The article Federal Courts Propose Rules for E-Discovery in the New Jersey Law Reporter provides an interesting update on potential changes in the rules of discovery, especially with respect to digital data and electronic evidence discovery.
Readers who follow the e-discovery world know that the on-going transition from paper to digital discovery raises a host of difficult issues, technical and legal. The article is a good read on current issues; I will focus on one: preserving digital data once a law suit begins is a concern, especially given that many large corporations have systems that are not designed to do so.
It is no surprise to read that “[t]he most controversial of the proposed rules may be an amendment to Rule 37 that would create a narrow “safe harbor,” protecting a party from sanctions for failing to provide electronically stored information in some circumstances. ” The article goes on to report that the draft rule would provide a safe harbor from the inadvertent destruction that “resulted because of the routine operation of the party’s electronic system.”
It is a surprise, however, to read that U.S. Magistrate Judge Ronald Hedges opposes this provision and “says he does not see why electronic data should be singled out for special treatment. ‘If we’re going to have a safe harbor provision, it seems to me we ought to protect information in any format, not just an electronic medium.’ ”

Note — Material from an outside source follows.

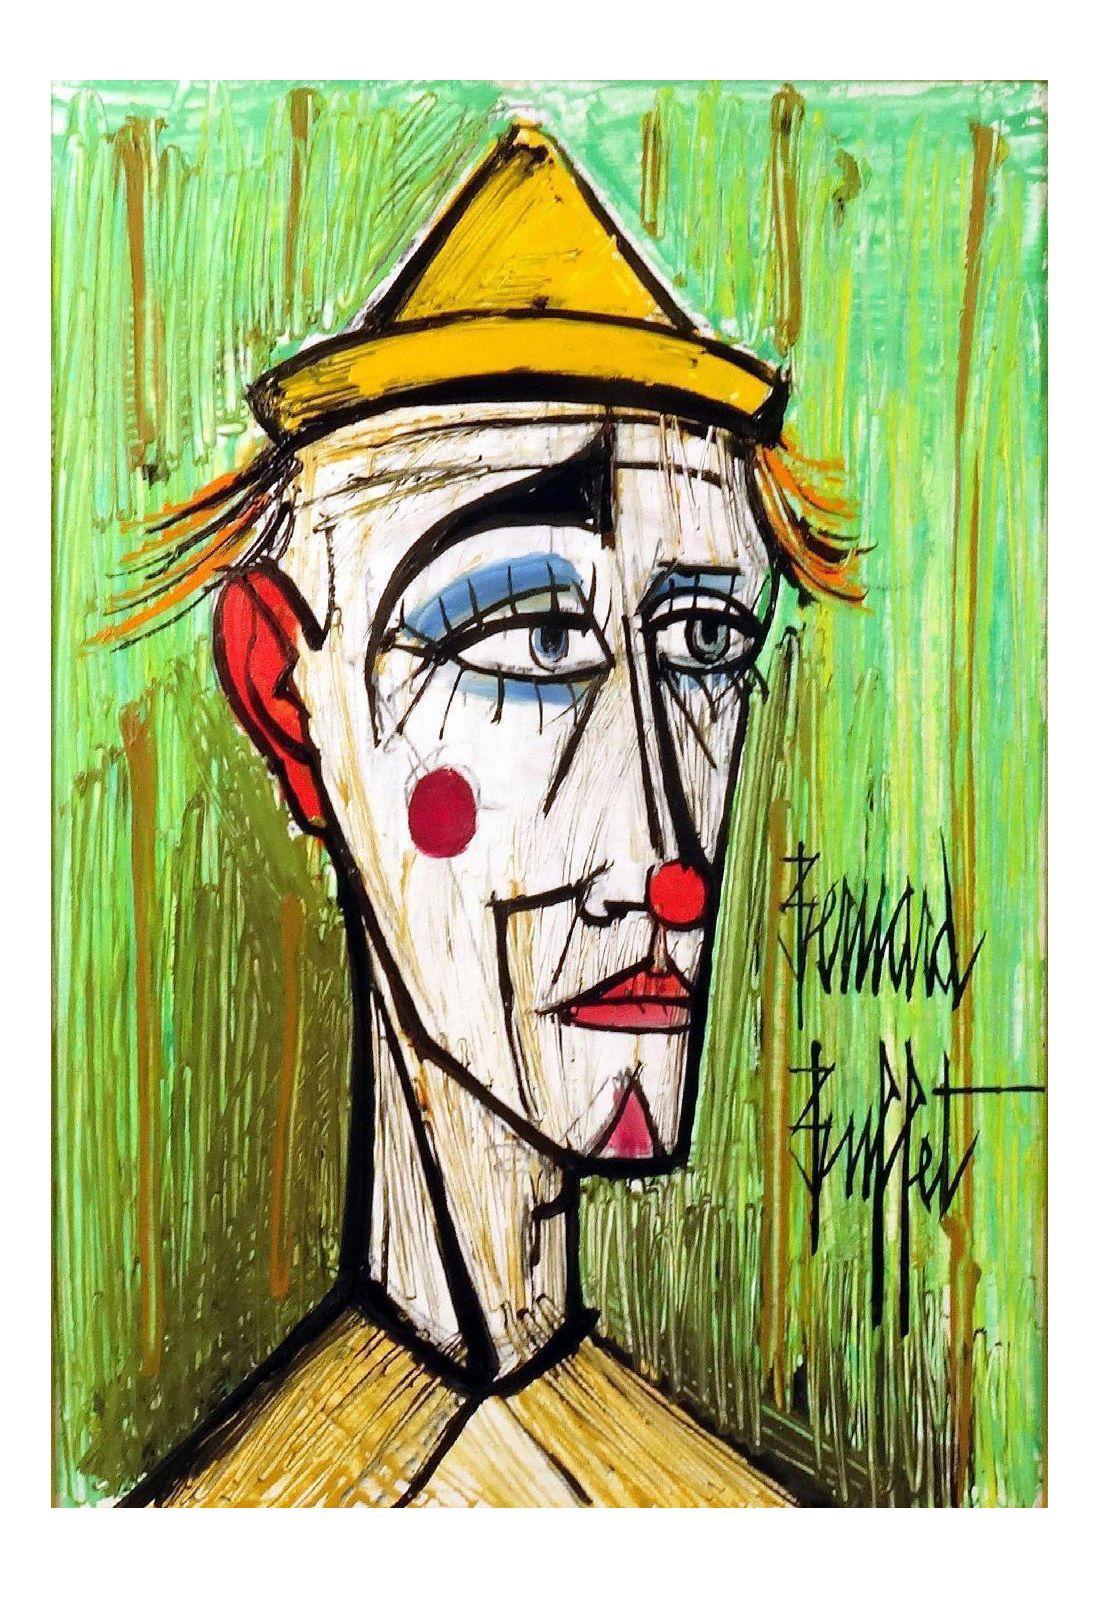 Les clowns de Bernard Buffet 679a64f750652e7a56779dc6e3e96478

Excuse me? I hope this does not reflect a dominant view among the judiciary. I take no position on what rule changes would be best, but one thing is obvious: digital data and paper are different. Lawyers, including the judiciary, need to understand that. Now, if there were a type of paper that, when you opened the file drawer, it disappeared or forever changed, I might agree with Magistrate Hedges’ view. Or, if by walking in my office and turning on my light, the dates on every piece of paper in my office automatically changed to the current date, I could understand his point.
Whatever direction the rules head, they need to reflect the reality of corporate information systems, which were designed to manage data for operational purposes, not for preservation in litigation. It’s an old saw now that just turning on a computer changes some data. In a similar vein, corporations that run on SAP or other enterprise systems cannot simply turn off their systems or easily freeze all the data.
It will be hard, but I believe enough smart people are working on new rules that the right balance can be struck between the legitimate needs of business/technical operations and of lawyers in litigation. But in my view, the starting place is to recognize operational business requirements and the difference between digital files and paper. It would be a shame if our already very expensive system of litigation became even more so because discovery rule changes that end up creating unreasonable burdens to “protect” data.